Wednesday, November 04, 2015

Prepare for judgment!

[Posted originally on Facebook. A meditation, that grew from listening to the Dies Irae by Antonín Dvořak] 

The month of November is a time to pray especially for the dead. It is also a time to meditate on the Four Last Things: Heaven, Hell, Death and Judgment.

In our Catholic circles we don't often talk about the Judgment anymore. Read the saints and the preachers of ages past, and they always warned of the Judgment. I read in a Facebook post earlier today the comment, "I believe in Jesus the Redeemer. Not Jesus the Judge." Convenient, perhaps. But false.

One day we will be called to give an account of our life. Yes, the Lord is merciful, and His mercy, as St. James puts it, triumphs over judgment (Jas 2:13). However, His mercy IS His judgment, because with God, all is one simple ACT. To the unrepentant sinner, His mercy will appear as judgment, and a most terrible judgment. We should never presume upon His mercy, and thus be complacent with sin. Presumption itself is sinful, and is an abuse of the Lord's patience, and love which has as its goal, our conversion.

As we prepare for the Year of Mercy called for by the Holy Father, we should also examine our lives with respect to our own particular judgment, and let us not be fooled, there WILL be a particular judgment, no matter what the world says. The Gospel gives a good examination of conscience in the twenty fifth chapter of St. Matthew: visiting the sick, the imprisoned; feeding the hungry and clothing the naked -- the source of what the Church has called the corporal works of mercy. However, it would be a terrible blindness to think that that this is opposed also to personal moral conversion. Or that because I have been kind to strangers, or to the poor, it excuses sinfulness in my life elsewhere. There is no opposition between virtue and the works of mercy.
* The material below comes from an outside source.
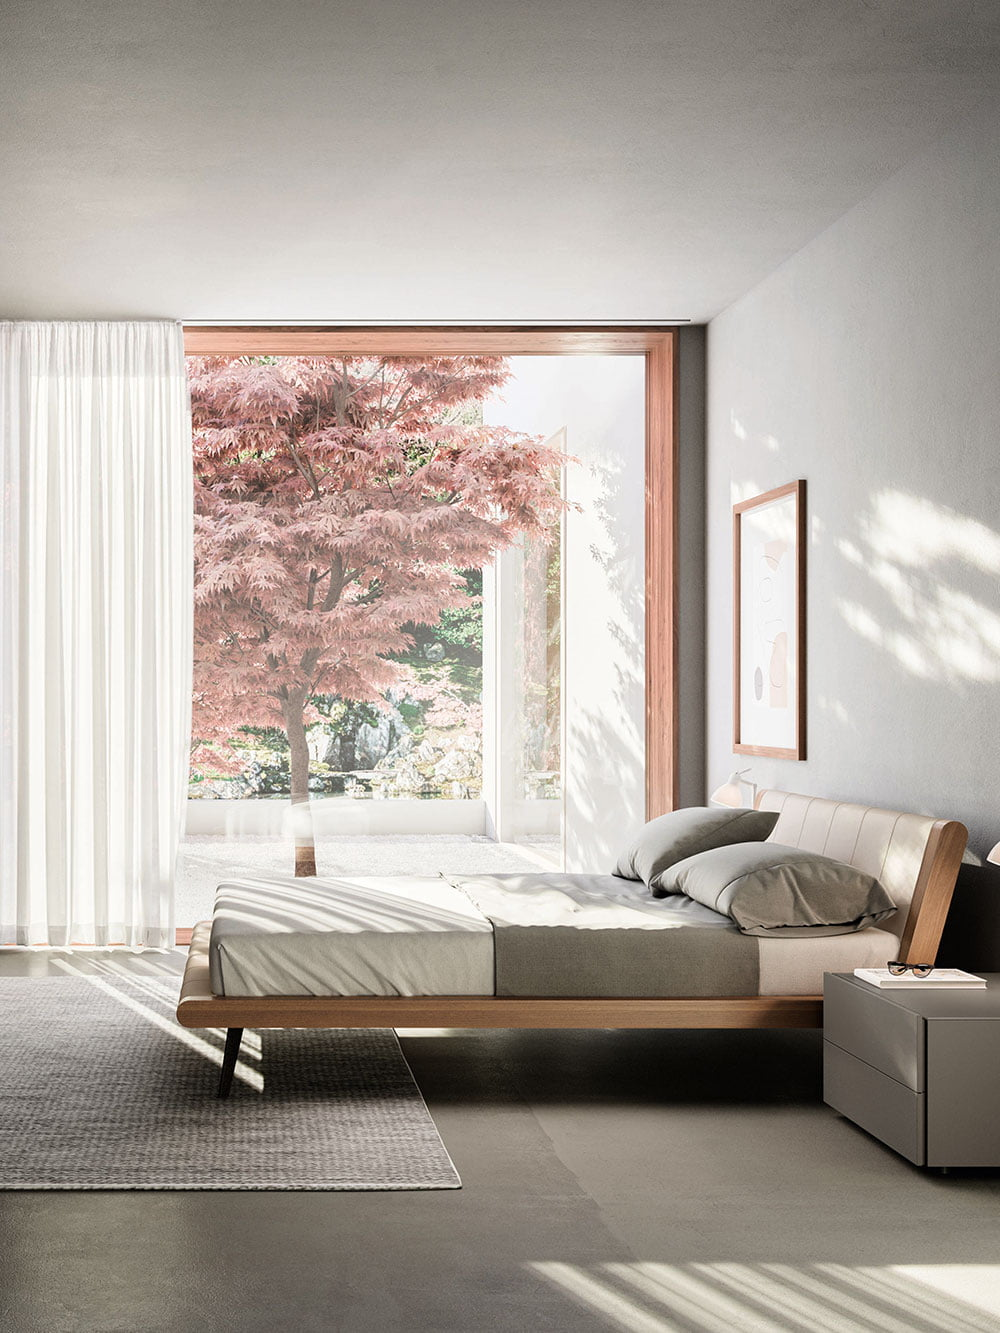 Gyles_004-Bed
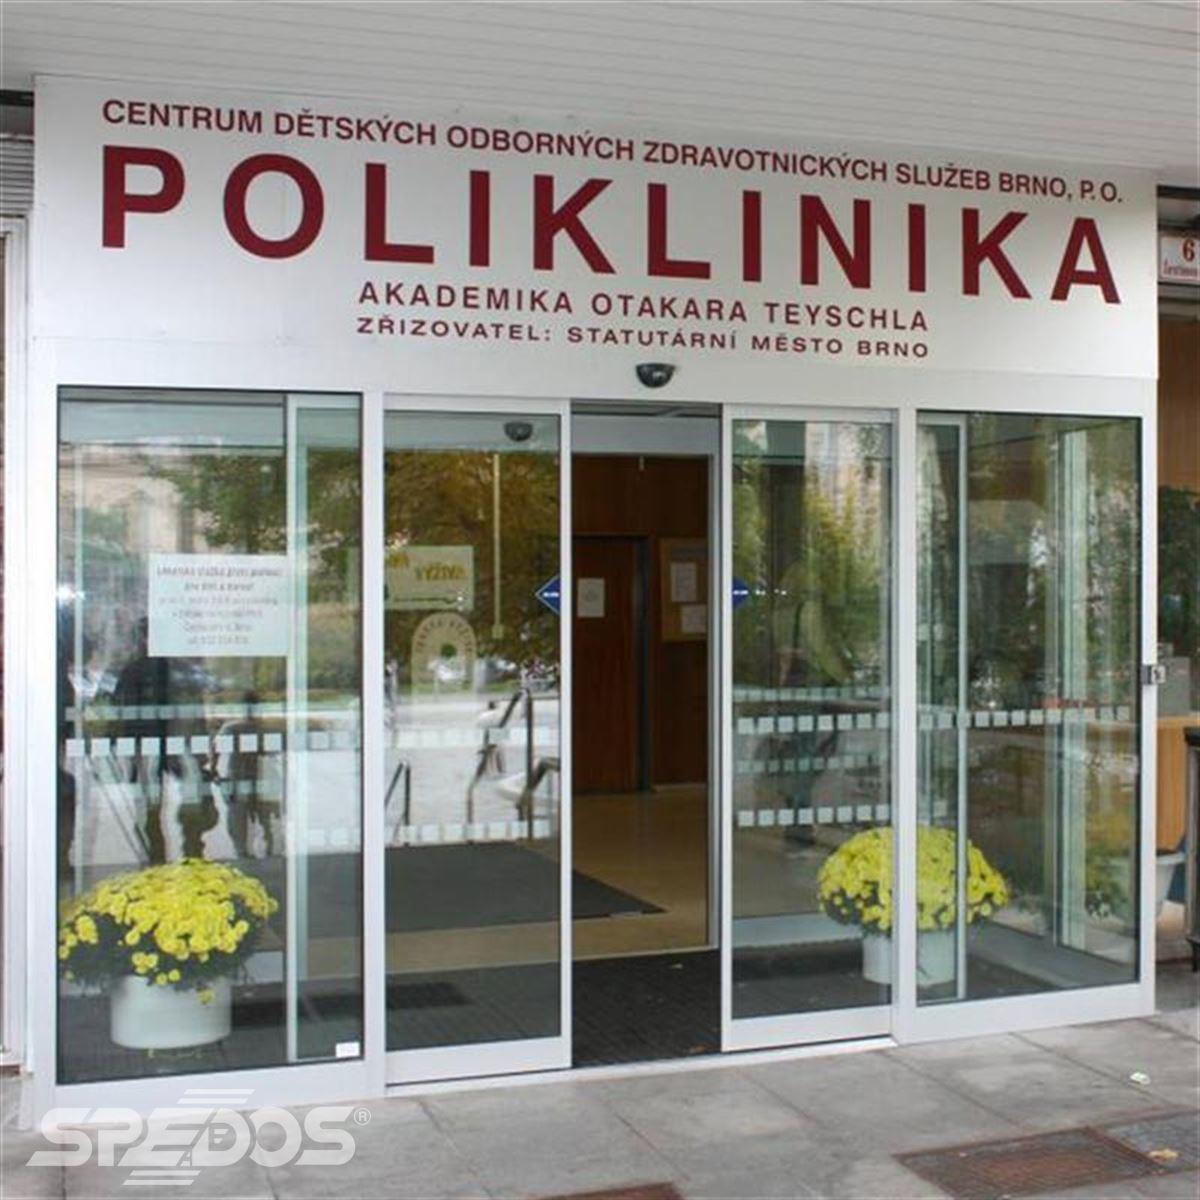 Posuvné automatické dveře v poliklinice

In fact, the works of mercy make no sense without personal virtue, and the constant battle against sin. The Lord wants us to be holy (1 Thess 4:13). He wants to present the Church to the Father without stain or wrinkle or blemish of any kind! (Eph 5:27)

Yes, this is all a work of grace (Eph 2:8). But that doesn't mean it is not also our effort, a striving, a struggle. The same St. Paul who speaks so eloquently about grace, also wishes to win a crown (1 Cor 9:24), and fight a fight (1 Tim 6:12), and pummels his body and makes it a slave (1 Cor 9:27). We are to walk in a manner worthy of our calling (Eph 4:1). There are many things that will exclude us from the Kingdom, if unrepented (1 Cor 6:9-10; Gal 5:19-21)!

Today I was at the house of a poor family -- the mother had died very tragically and very unexpectedly, leaving behind a wake of bewildered sorrow. The readings for the Vigil for Funerals remind us to always be prepared, to be awake and prepared. We never know how much time we have.

How would you fare if you this earthly life of yours were to end today? Would you be ready to face the Just Judge and his terrible Judgment seat?

Ven. Fulton Sheen tells us that we fear death because we do not prepare for it. Let us prepare for our death! We should die every day! Die to self, to evil, to selfishness, to sin! Let us be well prepared to meet the Lord, with our lamps well prepared, and lit with oil (Matthew 25:7, 10).

What does it profit a man if he were to gain the whole world, but lose his soul (Mark 8:36)? From the Lord who puts this to us, may we never hear, "Truly I tell you, I do not know you!" (Matthew 25:12)

This terrible interpretation of the Dies Irae (sadly, no longer used at Requiem Masses) by Dvořak is a powerful meditation on the Judgment. May it serve as a preparation for us for our own Judgment.